Leo owed it to them both, for all the times Bolan or Brognola had been there to pull his fat out of the fire. But if his life had never been at risk, if he had never walked the razor's edge with only these two friends to steady him and keep him on track, he would have volunteered in any case. For friendship's sake.
And when you got right down to basics, there was nothing else.
The bond of fellow warriors in an endless, losing battle, holding out against the overwhelming enemy until their luck and life at last ran out. They struck against the savages wherever and whenever possible. In the meantime they looked out for one another, for the families that waited, never really safe, behind the lines.
Because the goddamned battle lines were everywhere these days, and it could just as easily be Angelina out there in the darkness — had been Angelina, back in Pittsfield — and Leo knew that he could count on Hal or Bolan, if the world rolled over on him one day soon. They wouldn't let the wife and kids go hungry, wouldn't let them want for anything or fall into the hands of enemies.
A soldier watched his buddy's back, and that was it. No need to ask for help or offer thanks to any of the living when the smoke had cleared. Tomorrow it could be someone else's world in jeopardy, and yesterday's potential victim would be riding with the cavalry again.
Inside the trunk he heard Brognola kill the engine. He felt Hal shifting in the driver's seat, imagined him as he went through the ritual of double-checking weapons, getting ready to go EVA against an unknown enemy. His door slammed, sent a tremor through the car and Leo felt himself begin to sweat.
Hal drummed his knuckles on the trunk, the sound reverberating hollowly, and Leo grimaced, feeling like a mouse inside a kettle drum. He heard Brognola's footsteps gradually receding on the pavement, finally lost, and Turrin wrapped one hand around the tight rubber bands that held down the trunk lid.
He had been told to wait for contact while Brognola scouted the territory, waiting for the enemy to show himself. If Hal and Bolan were mistaken, if the hostiles were sincere about exchanging Helen and the kids for information, it would go no farther; Hal had lists of phony names and numbers that would have the bastards chasing their tails for a month. But if the others were correct in their assumption of an ambush, if the gunners opened up on Hal from who knows where, it would be Leo's job to spring the trap and cover Hal's retreat, while Bolan flanked the enemy and hit them where they lived.

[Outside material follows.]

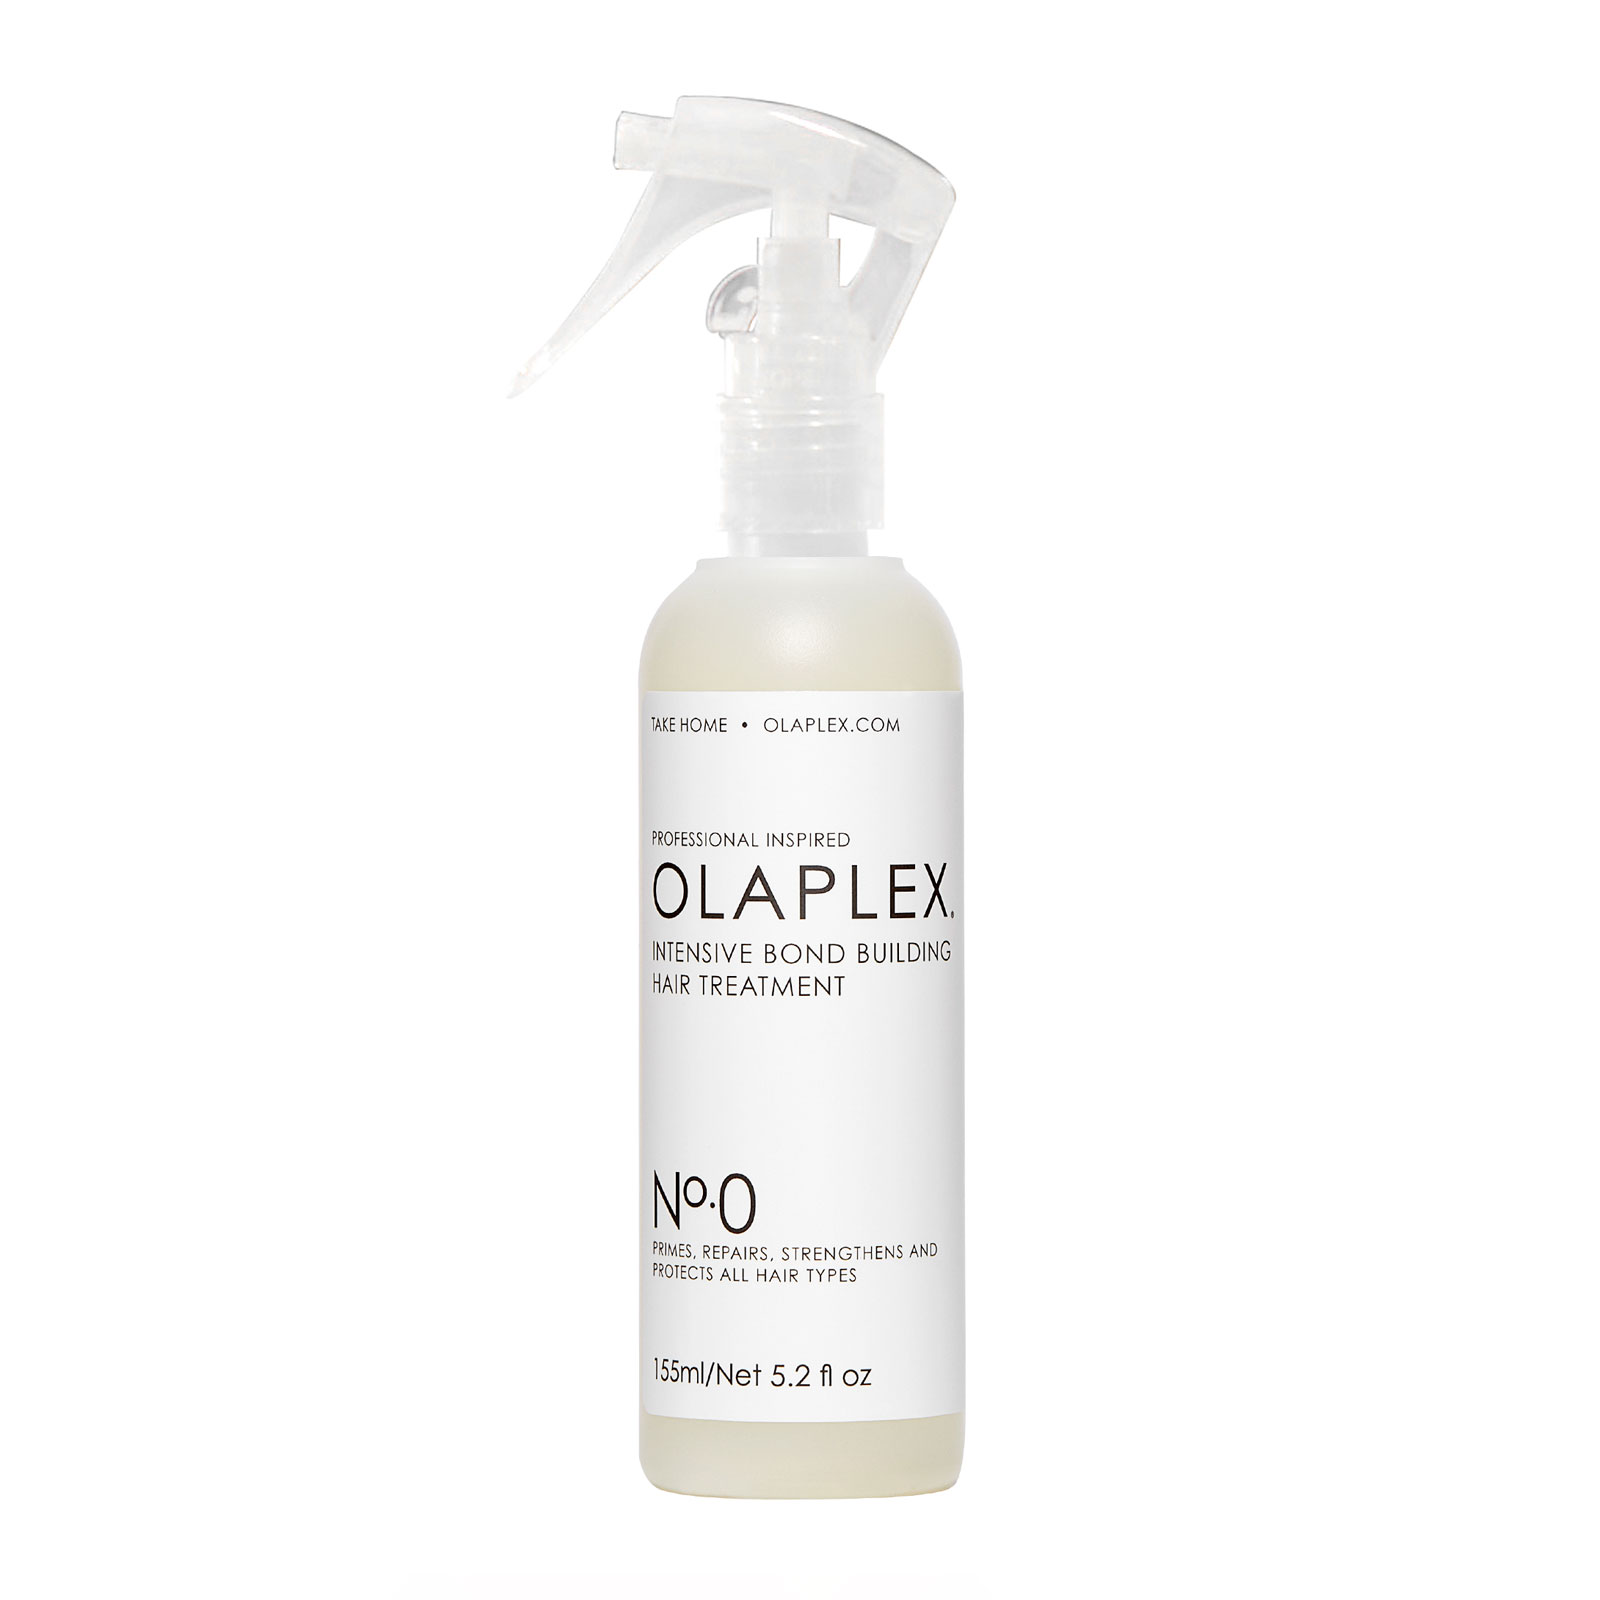 OLAPLEX No. 0 Intensive Bond Building Hair treatment

It had all sounded fine on paper in Brognola's living room. But it was dark outside, and there were God knew how many hiding places in the cemetery, any shadow adequate for lurking snipers who could drop Hal in his tracks. Snipers who could riddle Leo as he tried to scramble from the trunk, all knees and elbows in the crucial instant when surprise evaporated.
Leo was a goddamned sitting duck and didn't like the feeling, but at least he wasn't out there in the open with the cross-hairs planted on his face already. He found the Uzi's safety catch and eased it off, prepared to come out firing and to make the most of his advantage while it lasted.